**Excerpted data**

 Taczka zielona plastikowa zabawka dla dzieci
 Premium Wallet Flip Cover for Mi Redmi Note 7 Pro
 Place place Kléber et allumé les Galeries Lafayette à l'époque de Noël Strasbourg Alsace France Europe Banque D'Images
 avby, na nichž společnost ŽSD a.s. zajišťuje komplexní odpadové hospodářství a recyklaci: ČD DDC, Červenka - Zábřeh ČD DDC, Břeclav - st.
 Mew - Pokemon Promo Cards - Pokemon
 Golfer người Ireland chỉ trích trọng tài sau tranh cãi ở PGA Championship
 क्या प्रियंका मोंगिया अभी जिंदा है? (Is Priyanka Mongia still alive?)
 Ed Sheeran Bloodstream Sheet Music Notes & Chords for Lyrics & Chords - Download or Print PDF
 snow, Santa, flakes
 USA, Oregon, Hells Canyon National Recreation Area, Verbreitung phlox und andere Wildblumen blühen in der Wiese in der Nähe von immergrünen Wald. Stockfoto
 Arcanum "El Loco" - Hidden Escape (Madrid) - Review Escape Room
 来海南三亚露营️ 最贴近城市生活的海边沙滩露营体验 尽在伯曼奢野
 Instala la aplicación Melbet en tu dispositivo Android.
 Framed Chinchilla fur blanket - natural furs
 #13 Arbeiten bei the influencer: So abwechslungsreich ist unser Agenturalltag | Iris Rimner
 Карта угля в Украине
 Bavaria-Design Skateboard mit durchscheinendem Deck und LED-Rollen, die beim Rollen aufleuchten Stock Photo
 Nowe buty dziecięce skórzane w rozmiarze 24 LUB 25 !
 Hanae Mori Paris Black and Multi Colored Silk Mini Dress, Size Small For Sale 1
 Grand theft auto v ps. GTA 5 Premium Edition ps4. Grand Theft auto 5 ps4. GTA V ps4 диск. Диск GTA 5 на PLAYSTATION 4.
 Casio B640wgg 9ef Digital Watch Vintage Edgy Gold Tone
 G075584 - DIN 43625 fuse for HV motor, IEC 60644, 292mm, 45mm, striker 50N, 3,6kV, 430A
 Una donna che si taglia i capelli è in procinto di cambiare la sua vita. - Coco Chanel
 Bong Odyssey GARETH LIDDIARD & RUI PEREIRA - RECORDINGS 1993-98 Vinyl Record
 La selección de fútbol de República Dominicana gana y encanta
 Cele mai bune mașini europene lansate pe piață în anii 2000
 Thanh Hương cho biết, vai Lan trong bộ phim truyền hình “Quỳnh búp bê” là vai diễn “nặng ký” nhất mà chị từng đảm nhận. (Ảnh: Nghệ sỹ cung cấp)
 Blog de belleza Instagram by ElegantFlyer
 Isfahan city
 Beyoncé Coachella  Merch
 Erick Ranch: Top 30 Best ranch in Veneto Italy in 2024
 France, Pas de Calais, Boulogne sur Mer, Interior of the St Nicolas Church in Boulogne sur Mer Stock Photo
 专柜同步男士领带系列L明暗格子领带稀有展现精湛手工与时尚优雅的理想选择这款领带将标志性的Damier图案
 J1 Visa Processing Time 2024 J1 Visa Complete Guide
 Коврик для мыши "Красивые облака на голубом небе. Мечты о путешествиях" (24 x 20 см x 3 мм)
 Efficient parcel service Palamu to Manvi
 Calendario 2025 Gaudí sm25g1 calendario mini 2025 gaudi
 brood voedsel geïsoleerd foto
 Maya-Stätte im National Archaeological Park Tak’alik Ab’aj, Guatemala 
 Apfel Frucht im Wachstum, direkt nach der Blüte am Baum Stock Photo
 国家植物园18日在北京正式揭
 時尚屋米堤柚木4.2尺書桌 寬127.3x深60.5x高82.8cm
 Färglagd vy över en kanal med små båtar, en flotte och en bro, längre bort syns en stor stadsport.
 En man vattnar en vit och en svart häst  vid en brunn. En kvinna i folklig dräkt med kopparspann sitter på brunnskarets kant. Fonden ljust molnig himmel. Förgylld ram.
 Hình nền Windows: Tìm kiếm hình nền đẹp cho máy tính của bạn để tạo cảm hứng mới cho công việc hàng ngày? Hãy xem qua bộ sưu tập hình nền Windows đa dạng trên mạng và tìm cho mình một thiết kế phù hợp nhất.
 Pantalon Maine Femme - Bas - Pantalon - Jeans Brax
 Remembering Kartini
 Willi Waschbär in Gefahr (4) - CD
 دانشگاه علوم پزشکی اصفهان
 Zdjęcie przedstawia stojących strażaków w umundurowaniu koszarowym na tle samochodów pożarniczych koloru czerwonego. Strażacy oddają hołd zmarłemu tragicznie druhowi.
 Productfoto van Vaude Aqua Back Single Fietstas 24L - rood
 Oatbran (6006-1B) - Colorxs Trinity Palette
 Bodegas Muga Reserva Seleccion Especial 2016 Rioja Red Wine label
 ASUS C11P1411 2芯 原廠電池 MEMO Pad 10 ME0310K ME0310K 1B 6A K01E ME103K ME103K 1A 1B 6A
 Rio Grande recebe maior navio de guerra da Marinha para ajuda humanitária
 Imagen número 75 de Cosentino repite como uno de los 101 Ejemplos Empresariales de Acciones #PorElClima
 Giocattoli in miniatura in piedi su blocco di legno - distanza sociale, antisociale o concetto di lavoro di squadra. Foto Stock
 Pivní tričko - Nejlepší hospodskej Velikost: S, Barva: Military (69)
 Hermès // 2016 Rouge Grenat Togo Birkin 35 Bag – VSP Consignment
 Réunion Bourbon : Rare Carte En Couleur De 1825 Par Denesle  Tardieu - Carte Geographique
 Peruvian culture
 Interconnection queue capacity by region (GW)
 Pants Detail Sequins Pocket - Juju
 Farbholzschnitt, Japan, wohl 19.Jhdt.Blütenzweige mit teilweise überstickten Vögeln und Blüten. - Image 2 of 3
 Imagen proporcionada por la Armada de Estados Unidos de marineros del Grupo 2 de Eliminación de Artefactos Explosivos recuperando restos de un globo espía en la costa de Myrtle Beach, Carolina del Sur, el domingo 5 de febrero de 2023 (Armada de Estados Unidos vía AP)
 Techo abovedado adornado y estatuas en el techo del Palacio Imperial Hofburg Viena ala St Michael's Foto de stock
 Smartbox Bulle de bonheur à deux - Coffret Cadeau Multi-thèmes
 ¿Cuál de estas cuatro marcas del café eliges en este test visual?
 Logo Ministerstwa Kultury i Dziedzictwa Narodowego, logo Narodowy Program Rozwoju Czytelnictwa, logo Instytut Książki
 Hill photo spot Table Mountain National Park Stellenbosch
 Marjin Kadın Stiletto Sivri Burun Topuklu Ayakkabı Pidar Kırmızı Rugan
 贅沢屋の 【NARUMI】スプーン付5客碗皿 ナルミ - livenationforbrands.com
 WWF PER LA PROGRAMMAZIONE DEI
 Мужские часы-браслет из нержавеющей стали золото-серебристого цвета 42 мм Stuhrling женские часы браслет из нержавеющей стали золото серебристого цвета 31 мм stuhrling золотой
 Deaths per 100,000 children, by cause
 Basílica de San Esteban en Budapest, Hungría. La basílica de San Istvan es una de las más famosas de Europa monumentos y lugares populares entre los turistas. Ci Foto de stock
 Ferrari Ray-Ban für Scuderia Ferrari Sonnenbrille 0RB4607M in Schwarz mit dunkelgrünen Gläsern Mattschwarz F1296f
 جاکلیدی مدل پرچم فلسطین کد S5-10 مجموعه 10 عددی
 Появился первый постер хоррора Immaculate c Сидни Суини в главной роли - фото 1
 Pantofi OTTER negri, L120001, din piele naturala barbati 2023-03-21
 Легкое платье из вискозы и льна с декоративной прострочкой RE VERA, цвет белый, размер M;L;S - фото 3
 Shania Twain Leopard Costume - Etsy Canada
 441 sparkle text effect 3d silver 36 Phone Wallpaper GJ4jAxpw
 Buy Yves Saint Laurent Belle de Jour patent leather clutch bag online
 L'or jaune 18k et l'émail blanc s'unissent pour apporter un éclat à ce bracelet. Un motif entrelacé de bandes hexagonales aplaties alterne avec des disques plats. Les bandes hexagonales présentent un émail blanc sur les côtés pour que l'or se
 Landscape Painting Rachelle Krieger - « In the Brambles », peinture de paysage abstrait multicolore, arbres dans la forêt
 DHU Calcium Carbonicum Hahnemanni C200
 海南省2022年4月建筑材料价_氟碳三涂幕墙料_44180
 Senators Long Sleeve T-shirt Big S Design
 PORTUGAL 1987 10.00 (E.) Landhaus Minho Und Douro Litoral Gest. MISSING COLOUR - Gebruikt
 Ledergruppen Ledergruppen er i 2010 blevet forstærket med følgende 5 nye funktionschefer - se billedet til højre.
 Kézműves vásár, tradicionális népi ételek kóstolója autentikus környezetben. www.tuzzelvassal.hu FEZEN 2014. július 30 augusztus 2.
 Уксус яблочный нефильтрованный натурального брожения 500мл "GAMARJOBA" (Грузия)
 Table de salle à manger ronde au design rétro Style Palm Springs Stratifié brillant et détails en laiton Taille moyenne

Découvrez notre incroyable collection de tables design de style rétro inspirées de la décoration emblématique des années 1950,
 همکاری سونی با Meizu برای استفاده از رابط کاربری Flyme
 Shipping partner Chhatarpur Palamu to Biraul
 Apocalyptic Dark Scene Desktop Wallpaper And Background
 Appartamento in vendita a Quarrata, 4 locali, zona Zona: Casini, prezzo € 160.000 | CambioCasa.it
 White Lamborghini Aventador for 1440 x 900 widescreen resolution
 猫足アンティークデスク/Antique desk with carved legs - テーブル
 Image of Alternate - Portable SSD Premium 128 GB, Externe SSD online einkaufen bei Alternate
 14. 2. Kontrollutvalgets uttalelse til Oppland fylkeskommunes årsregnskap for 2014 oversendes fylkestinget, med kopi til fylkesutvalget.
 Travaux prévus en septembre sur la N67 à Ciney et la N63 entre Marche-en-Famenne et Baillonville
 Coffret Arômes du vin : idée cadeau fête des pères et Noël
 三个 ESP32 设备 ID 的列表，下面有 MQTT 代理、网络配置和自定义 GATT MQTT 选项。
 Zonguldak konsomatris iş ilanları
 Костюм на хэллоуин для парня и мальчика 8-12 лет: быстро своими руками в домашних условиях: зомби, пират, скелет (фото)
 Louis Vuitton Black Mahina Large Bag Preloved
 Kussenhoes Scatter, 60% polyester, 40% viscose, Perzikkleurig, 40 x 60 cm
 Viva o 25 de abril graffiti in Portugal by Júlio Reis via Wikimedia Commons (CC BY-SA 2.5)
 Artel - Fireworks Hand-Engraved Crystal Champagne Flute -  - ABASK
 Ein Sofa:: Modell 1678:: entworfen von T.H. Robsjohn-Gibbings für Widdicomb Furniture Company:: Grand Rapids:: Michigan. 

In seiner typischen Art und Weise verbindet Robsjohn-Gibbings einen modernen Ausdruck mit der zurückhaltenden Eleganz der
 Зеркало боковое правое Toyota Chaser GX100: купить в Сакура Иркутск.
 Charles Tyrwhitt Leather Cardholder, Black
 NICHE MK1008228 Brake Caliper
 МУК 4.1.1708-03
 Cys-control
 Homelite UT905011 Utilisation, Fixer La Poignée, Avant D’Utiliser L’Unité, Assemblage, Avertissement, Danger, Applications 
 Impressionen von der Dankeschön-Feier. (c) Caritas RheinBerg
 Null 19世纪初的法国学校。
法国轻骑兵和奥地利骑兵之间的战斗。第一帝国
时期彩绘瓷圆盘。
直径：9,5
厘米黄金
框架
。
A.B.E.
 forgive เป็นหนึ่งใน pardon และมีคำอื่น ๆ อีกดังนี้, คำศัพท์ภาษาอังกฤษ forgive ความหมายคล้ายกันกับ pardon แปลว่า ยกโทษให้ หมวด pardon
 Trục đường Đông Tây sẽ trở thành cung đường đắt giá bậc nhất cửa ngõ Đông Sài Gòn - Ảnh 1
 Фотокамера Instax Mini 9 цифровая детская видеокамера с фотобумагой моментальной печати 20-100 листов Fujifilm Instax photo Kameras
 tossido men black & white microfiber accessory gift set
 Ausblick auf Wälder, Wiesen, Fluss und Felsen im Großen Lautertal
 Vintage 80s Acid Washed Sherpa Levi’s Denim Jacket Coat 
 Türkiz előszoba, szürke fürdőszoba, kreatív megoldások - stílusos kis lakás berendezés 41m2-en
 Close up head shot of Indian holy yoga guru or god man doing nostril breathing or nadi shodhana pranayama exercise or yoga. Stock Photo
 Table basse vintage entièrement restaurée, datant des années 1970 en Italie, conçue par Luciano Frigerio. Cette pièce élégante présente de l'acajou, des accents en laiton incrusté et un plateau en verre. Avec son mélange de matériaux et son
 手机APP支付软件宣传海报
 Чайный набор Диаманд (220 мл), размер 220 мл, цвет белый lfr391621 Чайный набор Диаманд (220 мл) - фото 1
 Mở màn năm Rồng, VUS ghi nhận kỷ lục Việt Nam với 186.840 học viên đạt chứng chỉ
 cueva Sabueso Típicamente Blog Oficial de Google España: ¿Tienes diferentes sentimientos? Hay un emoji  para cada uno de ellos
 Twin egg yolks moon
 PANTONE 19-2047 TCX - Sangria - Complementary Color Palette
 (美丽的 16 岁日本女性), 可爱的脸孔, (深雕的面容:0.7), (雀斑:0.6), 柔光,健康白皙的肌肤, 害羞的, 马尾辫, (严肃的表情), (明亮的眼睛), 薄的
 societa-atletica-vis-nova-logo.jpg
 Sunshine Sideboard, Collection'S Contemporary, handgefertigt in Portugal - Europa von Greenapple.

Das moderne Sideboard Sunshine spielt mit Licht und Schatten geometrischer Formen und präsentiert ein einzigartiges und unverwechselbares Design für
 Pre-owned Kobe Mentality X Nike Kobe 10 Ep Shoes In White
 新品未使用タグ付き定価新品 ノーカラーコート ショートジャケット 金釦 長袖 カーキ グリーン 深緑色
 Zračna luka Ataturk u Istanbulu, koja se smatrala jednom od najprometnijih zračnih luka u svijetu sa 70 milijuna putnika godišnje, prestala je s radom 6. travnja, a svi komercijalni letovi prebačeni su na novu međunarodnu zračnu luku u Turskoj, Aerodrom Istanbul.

**About this task**
Copy only this part of the entries above: the line with "Réunion Bourbon : Rare", the line with "Farbholzschnitt, Japan, wohl", and the lines between, all exactly as written.

**Worked solution**
 Réunion Bourbon : Rare Carte En Couleur De 1825 Par Denesle  Tardieu - Carte Geographique
 Peruvian culture
 Interconnection queue capacity by region (GW)
 Pants Detail Sequins Pocket - Juju
 Farbholzschnitt, Japan, wohl 19.Jhdt.Blütenzweige mit teilweise überstickten Vögeln und Blüten. - Image 2 of 3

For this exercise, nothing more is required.